TASK DIRECTIONS ▸
Write out the entries below exactly, but only from the line containing "پاسخ اولیه تولید" through the line containing "Smeg 2 Slice", and without the pictures.

━━━━━ DATA TO EXAMINE ━━━━━

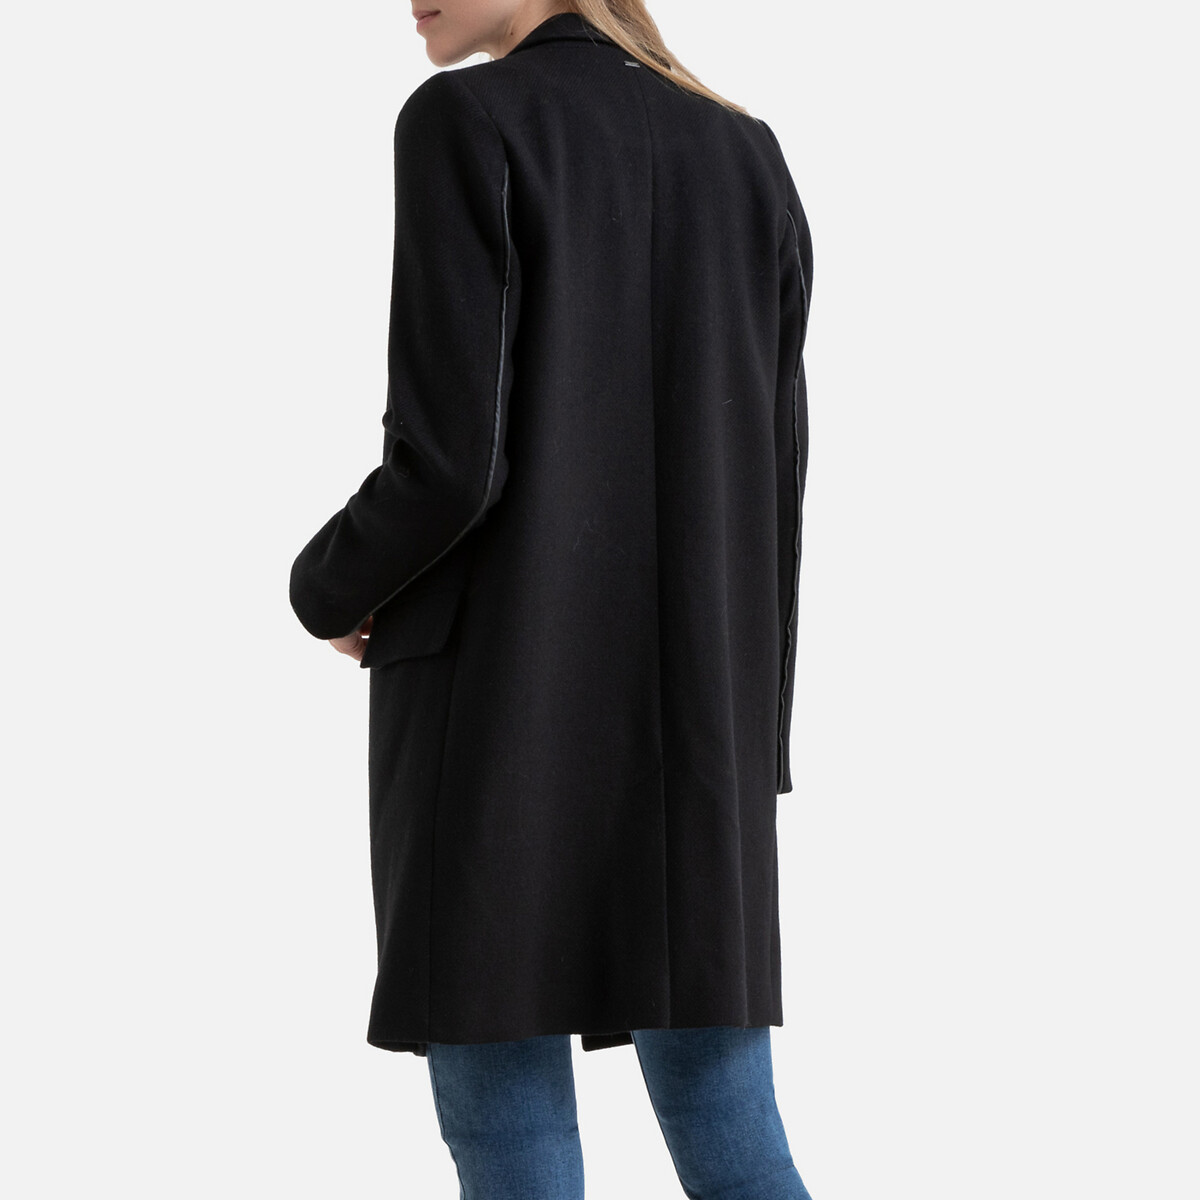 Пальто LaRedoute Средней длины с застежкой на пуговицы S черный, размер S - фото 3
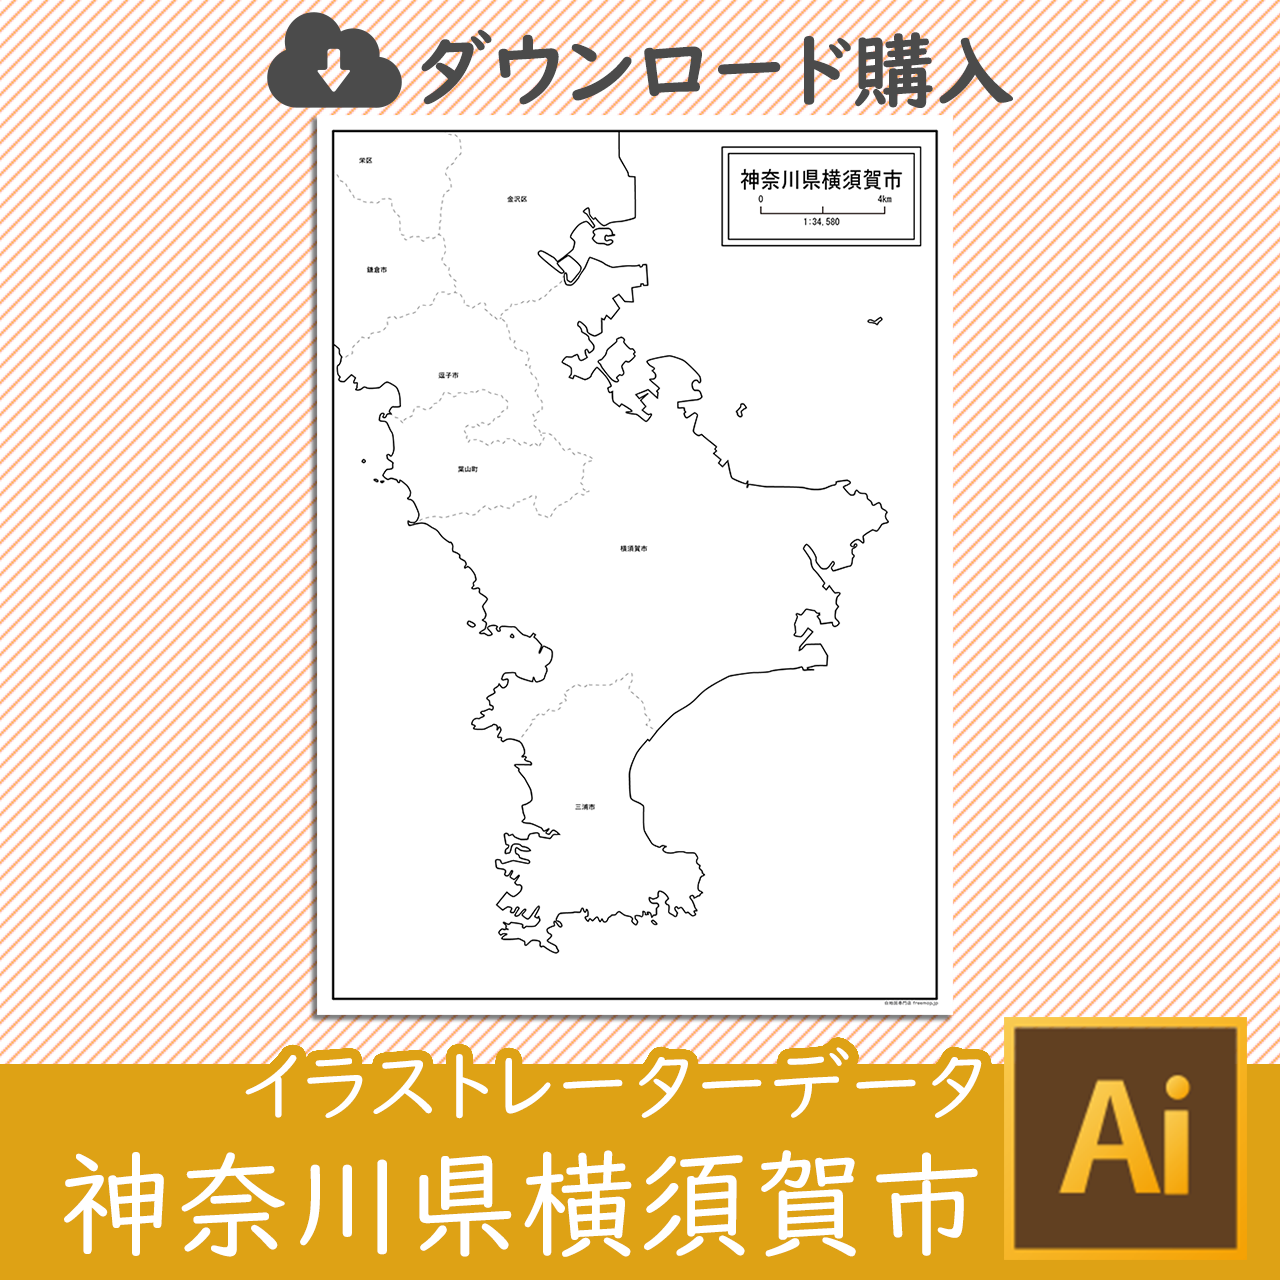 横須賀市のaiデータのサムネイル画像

━━━━━
━━━━━ DATA TO EXAMINE ━━━━━

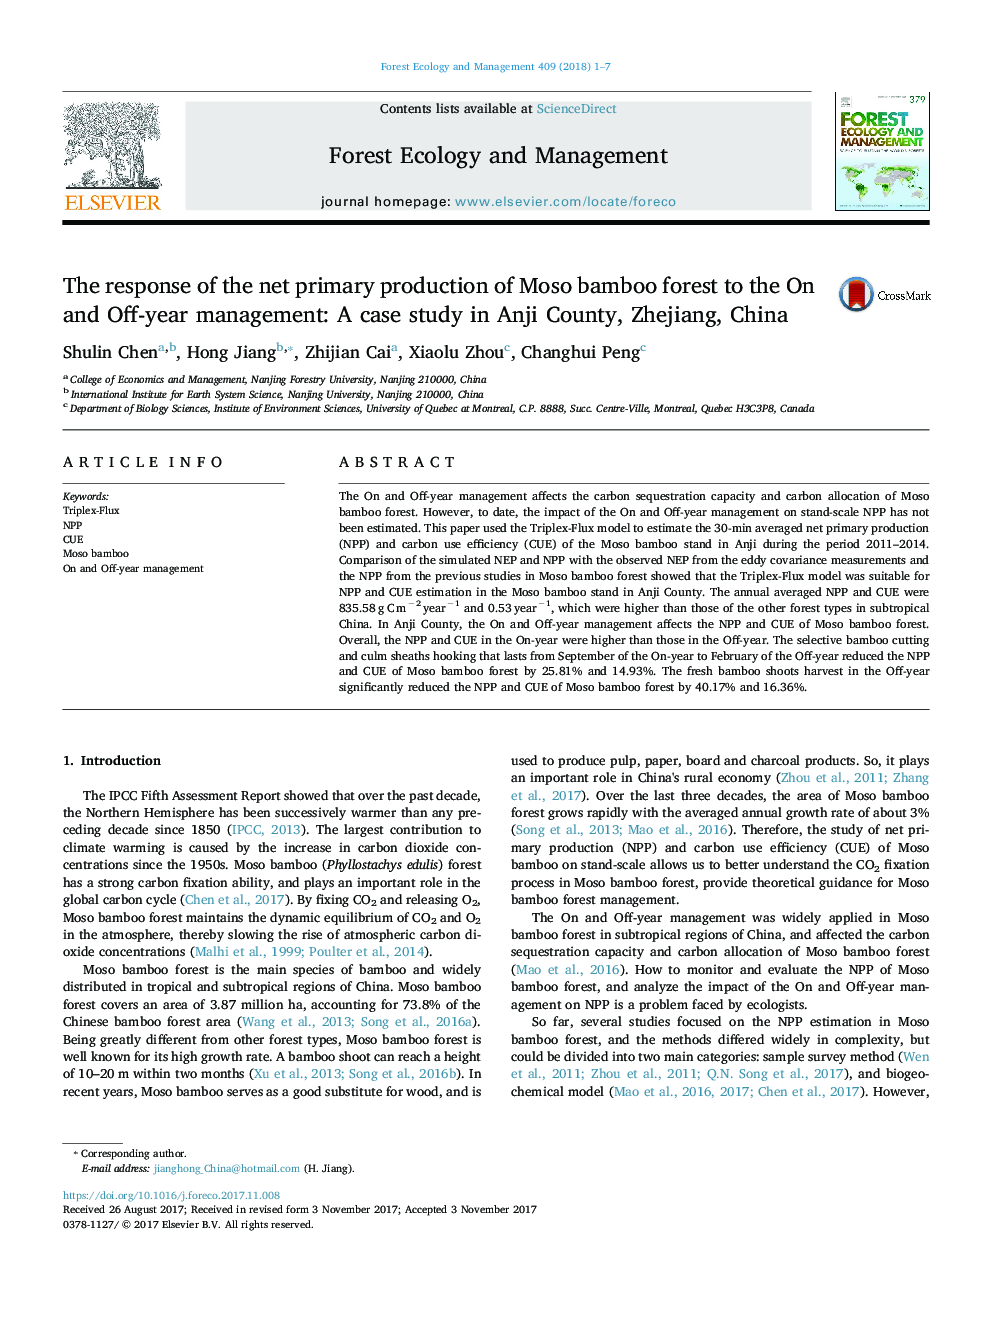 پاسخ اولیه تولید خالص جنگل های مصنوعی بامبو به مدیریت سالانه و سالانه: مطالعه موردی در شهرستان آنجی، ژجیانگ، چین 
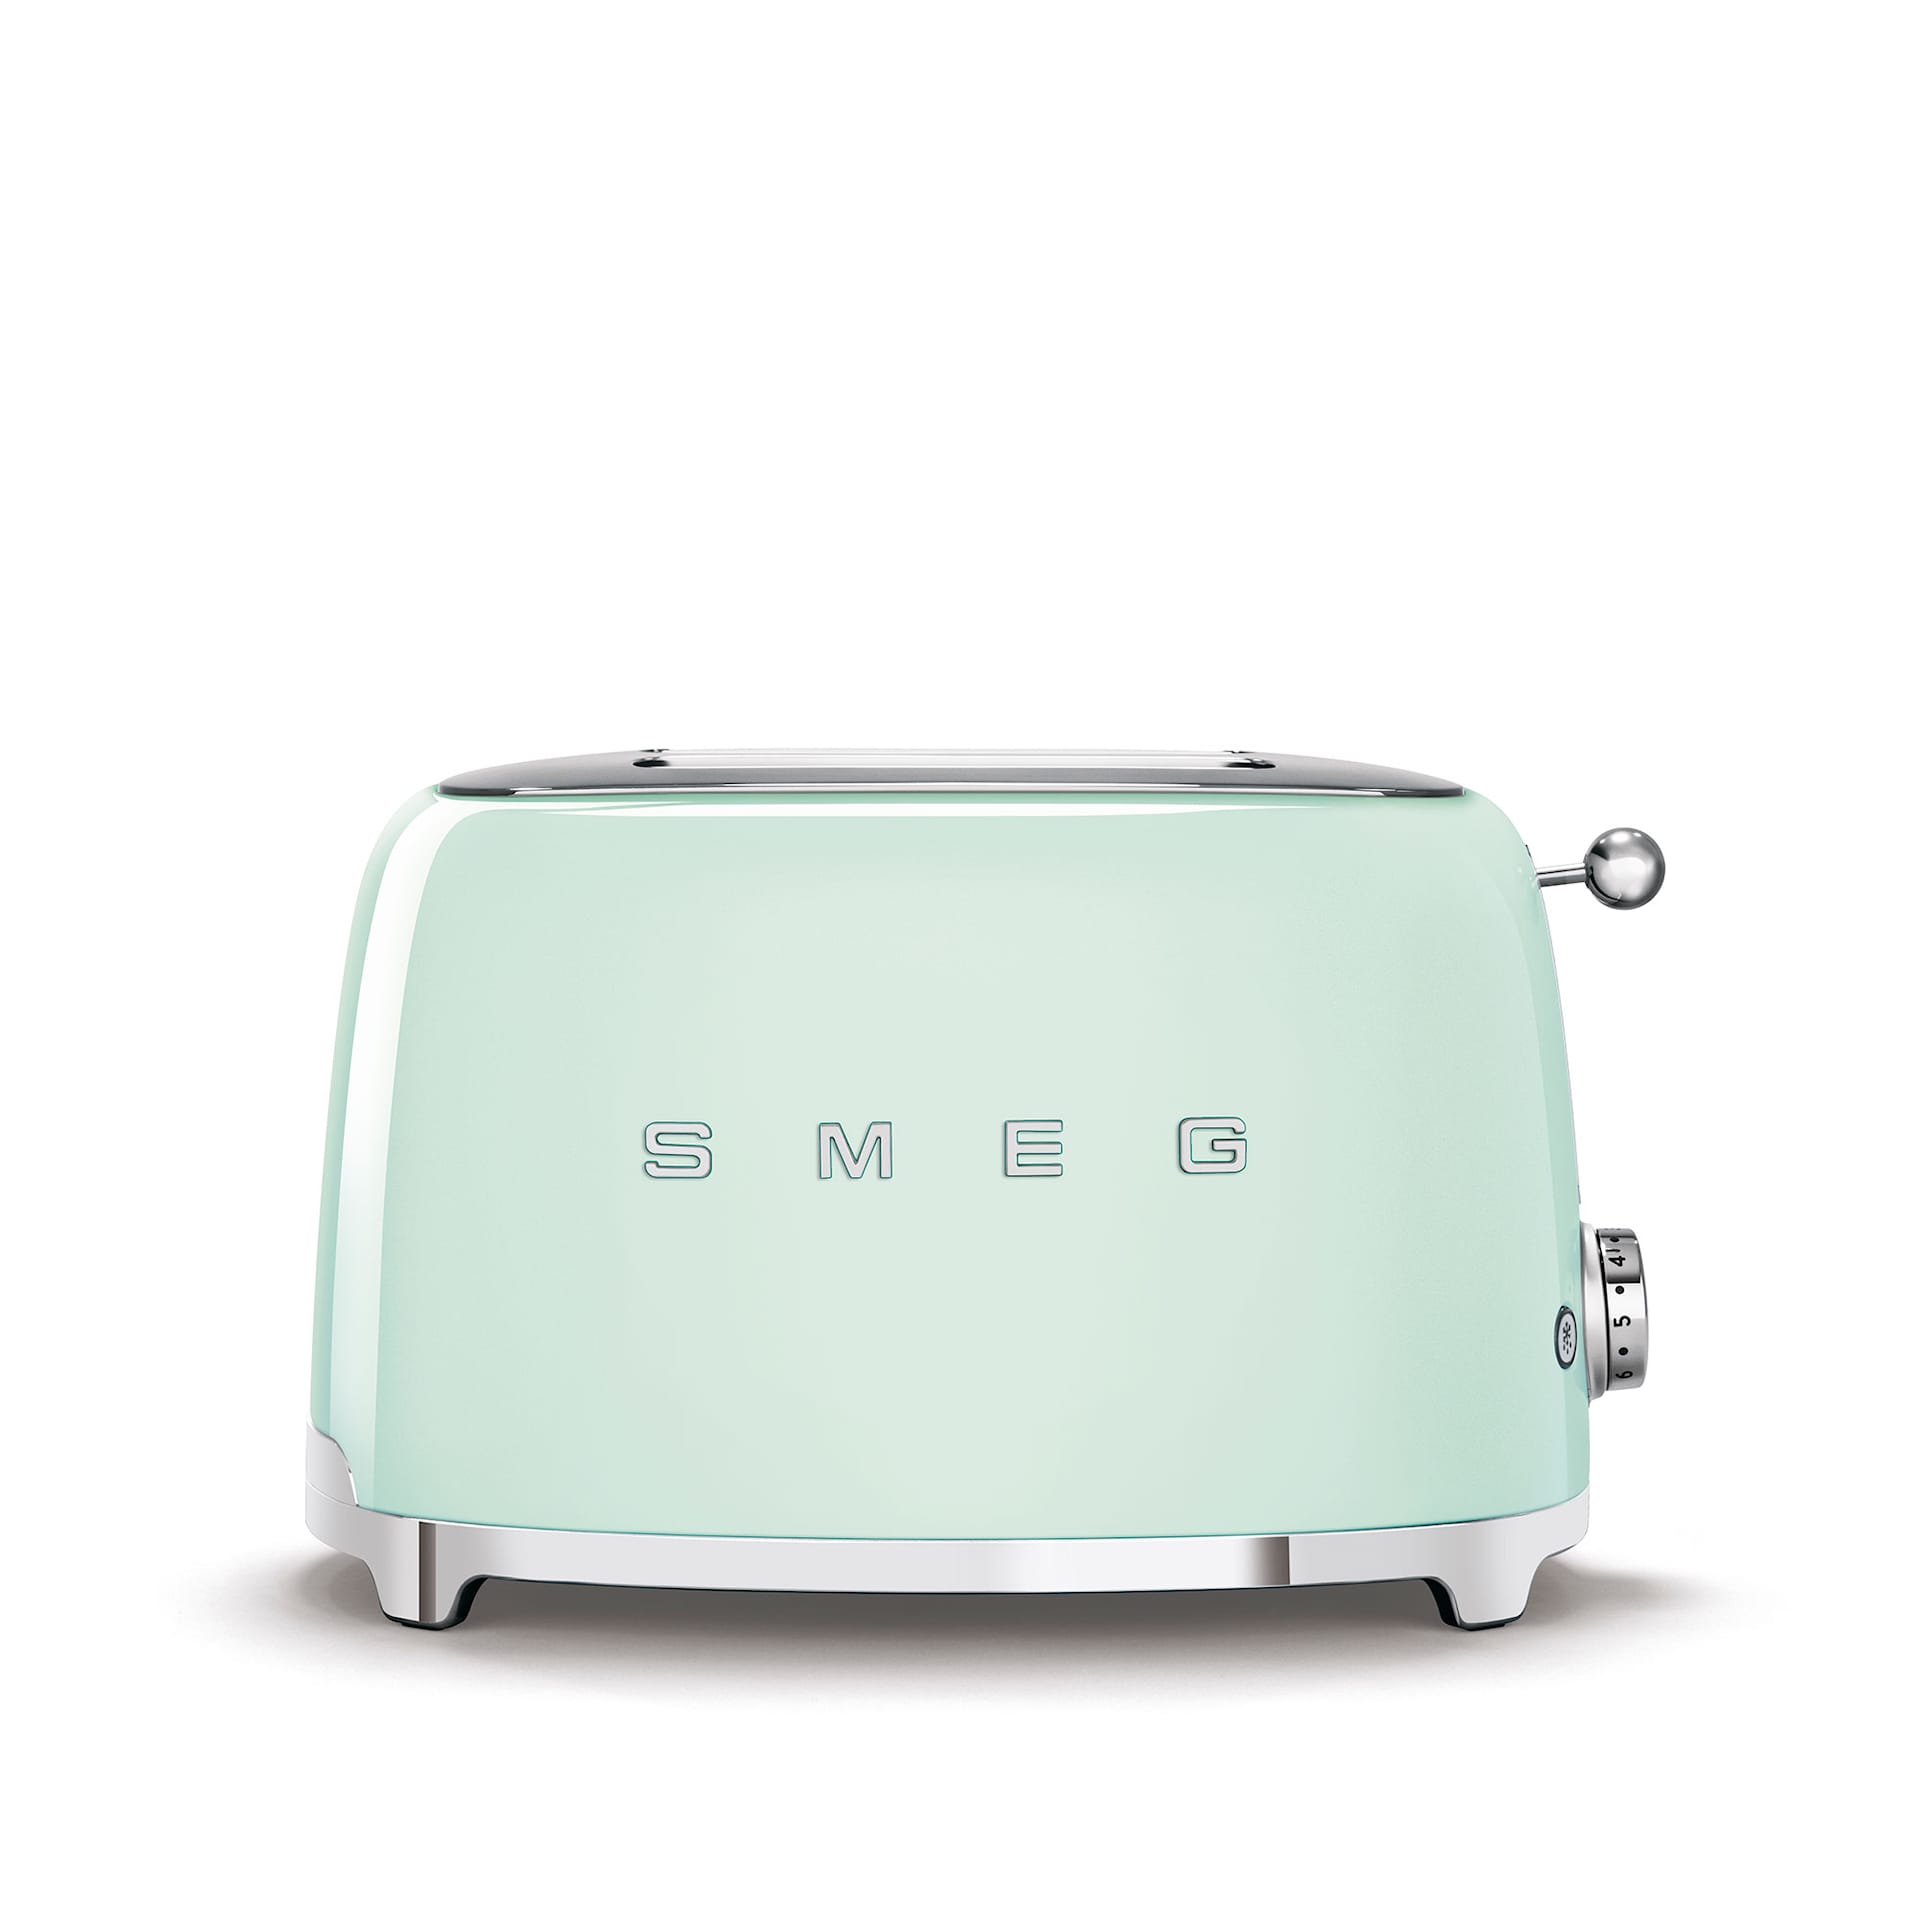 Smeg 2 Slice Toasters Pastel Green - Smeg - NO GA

━━━━━
━━━━━ DATA TO EXAMINE ━━━━━

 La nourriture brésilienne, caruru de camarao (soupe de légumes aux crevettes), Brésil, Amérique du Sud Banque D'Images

━━━━━

OUTPUT ▸
 پاسخ اولیه تولید خالص جنگل های مصنوعی بامبو به مدیریت سالانه و سالانه: مطالعه موردی در شهرستان آنجی، ژجیانگ، چین 
 Smeg 2 Slice Toasters Pastel Green - Smeg - NO GA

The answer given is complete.